Living in neighborhoods infrequently visited by Negroes and where, as a general rule, their occupancy is effectively discouraged, some white residents occasionally express objections as based on a "natural physical opposition." Following is a typical statement:
I came here six years ago and there was a very noisy set of white people living in the apartment house back of mine. Four years ago the landlord put them all out and rented to colored families. We were all up in arms then; but say, I never had nicer, more quiet, and respectable neighbors. Their children all behave well, and we can't kick. But at the same time, black people aren't what one would pick out to have around—I guess it's just because they are black.
Emotionality.—This is commonly regarded as explaining features of conduct in Negroes, some of which are beautiful in their expression while others are ugly and dangerous. The supposed Negro gift of song is thus an accepted attribute of his emotional nature. So with his religious inclination. This same emotionalism is believed to lead him to drink and is frequently made to account for "his quick, uncalculated crimes of violence." The natural expression of Negro religious fervor is supposed to be noisy and frenzied. This view of the Chicago Tribune's special writer is, roughly speaking, the view of thousands of Chicagoans:
I passed grand old stone churches, once the pride of rich and powerful white congregations, whither I used to be sent as a reporter not so many years ago, to hear some of the premier pulpiteers of this town. They are colored people's churches now, and beneath the arches, where a sedate gospel once was expounded you hear today the jubilant yell of the dusky brother who has found grace....

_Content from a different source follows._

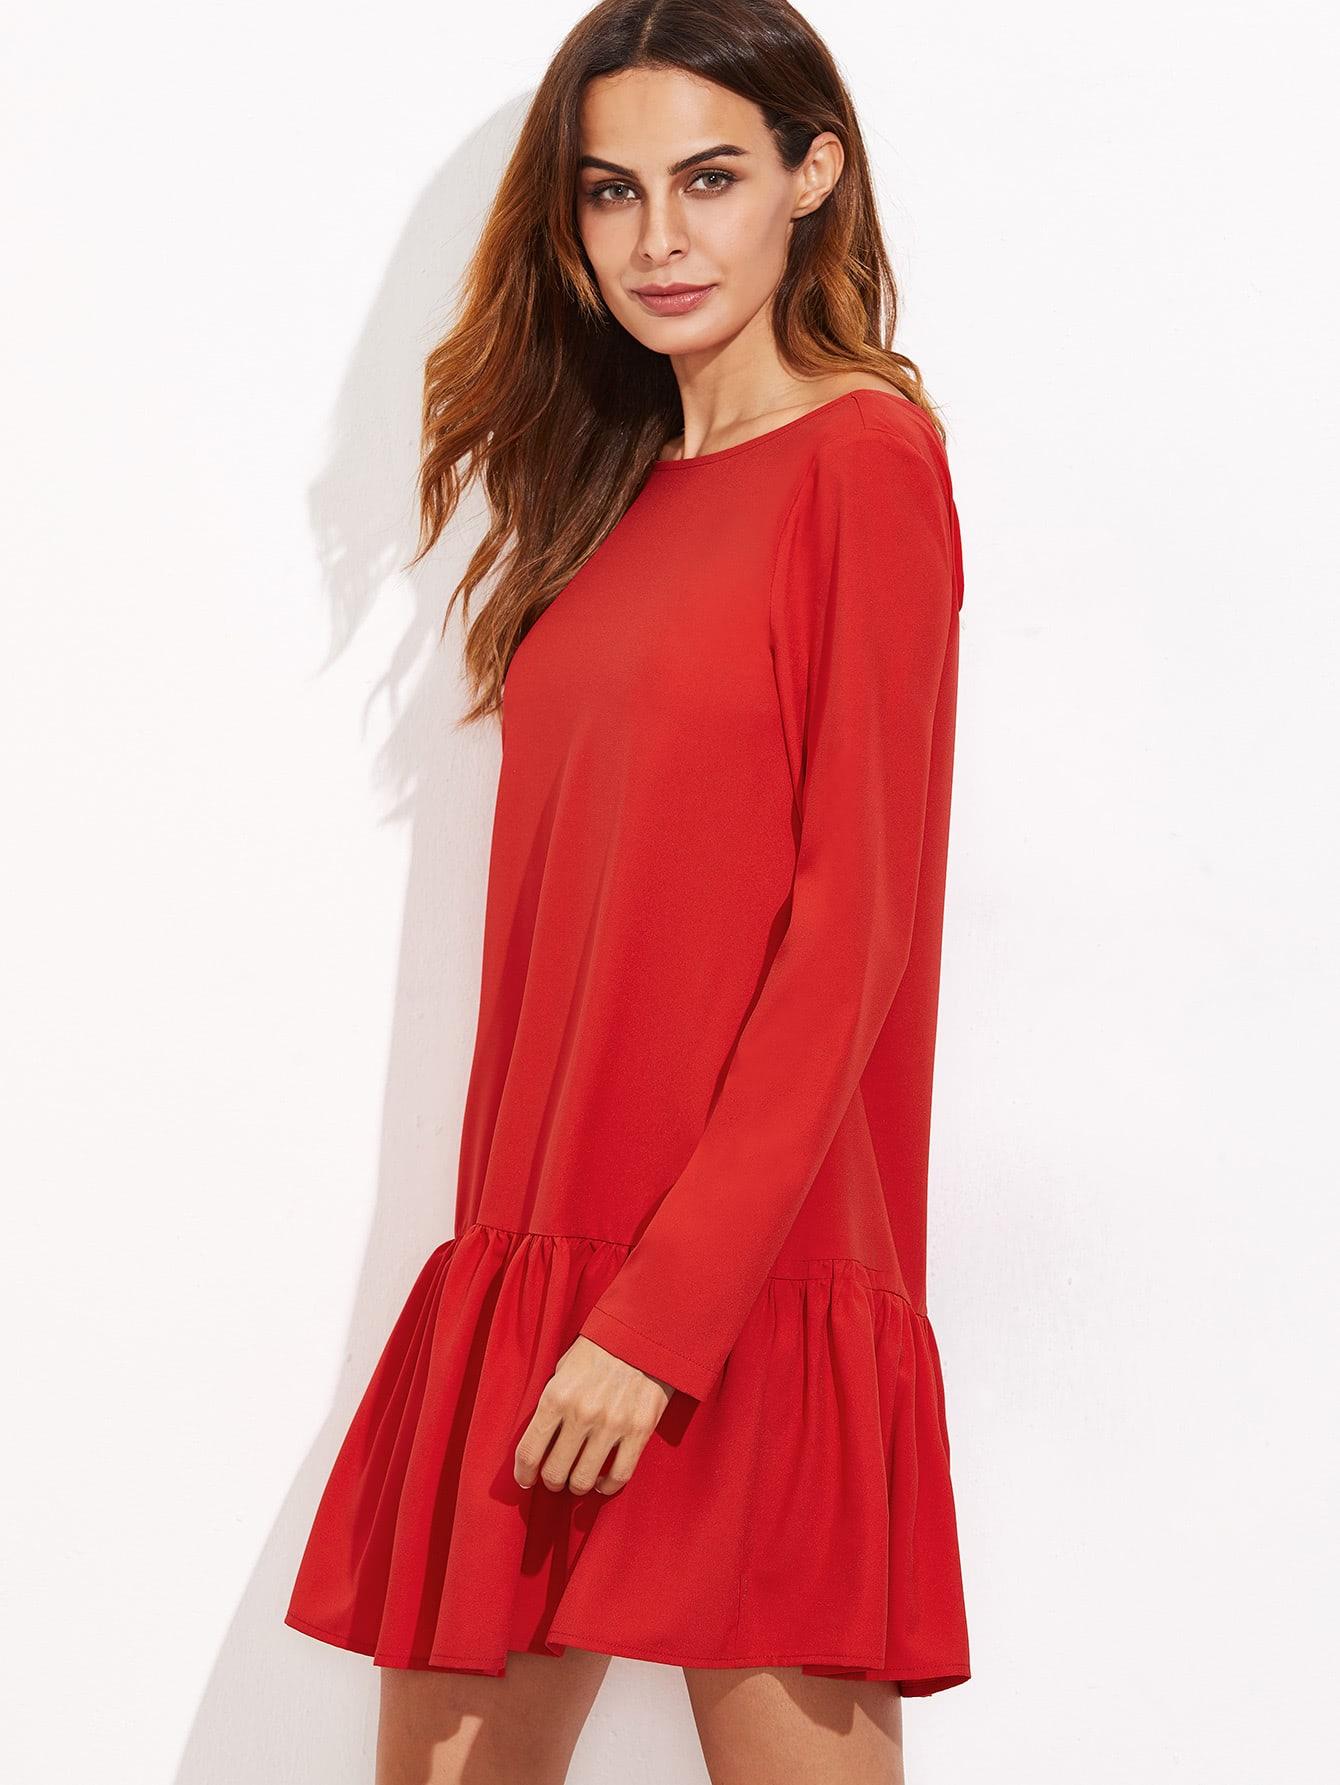 dress161025714_2

The service was, indeed, an incident in a three weeks' series of revival meetings they have been holding at Olivet. The principal performer was the Rev. S. E. J. Watson, a revivalist from Topeka, a big man—mulatto, I should say, or perhaps quadroon—with a powerful voice, a masterly platform style, and enormous ardor. He spoke fluently, used no notes, and demonstrated a free, wide skill in homely imagery, which, however, included no slang nor vulgarities, but was racy of the plantation and the cabin kitchen. His picture of God "opening the front door of this good old world every morning to let in the sun" was one of the most gorgeous flights in primitive poetry I ever heard, and his narrative, accompanied by the most vivid pantomime, of the Roman soldiers lifting up the cross after they had nailed Jesus to it was hardly less than terrifying—it certainly was terrific—in its sweep of passion and its reality of detail.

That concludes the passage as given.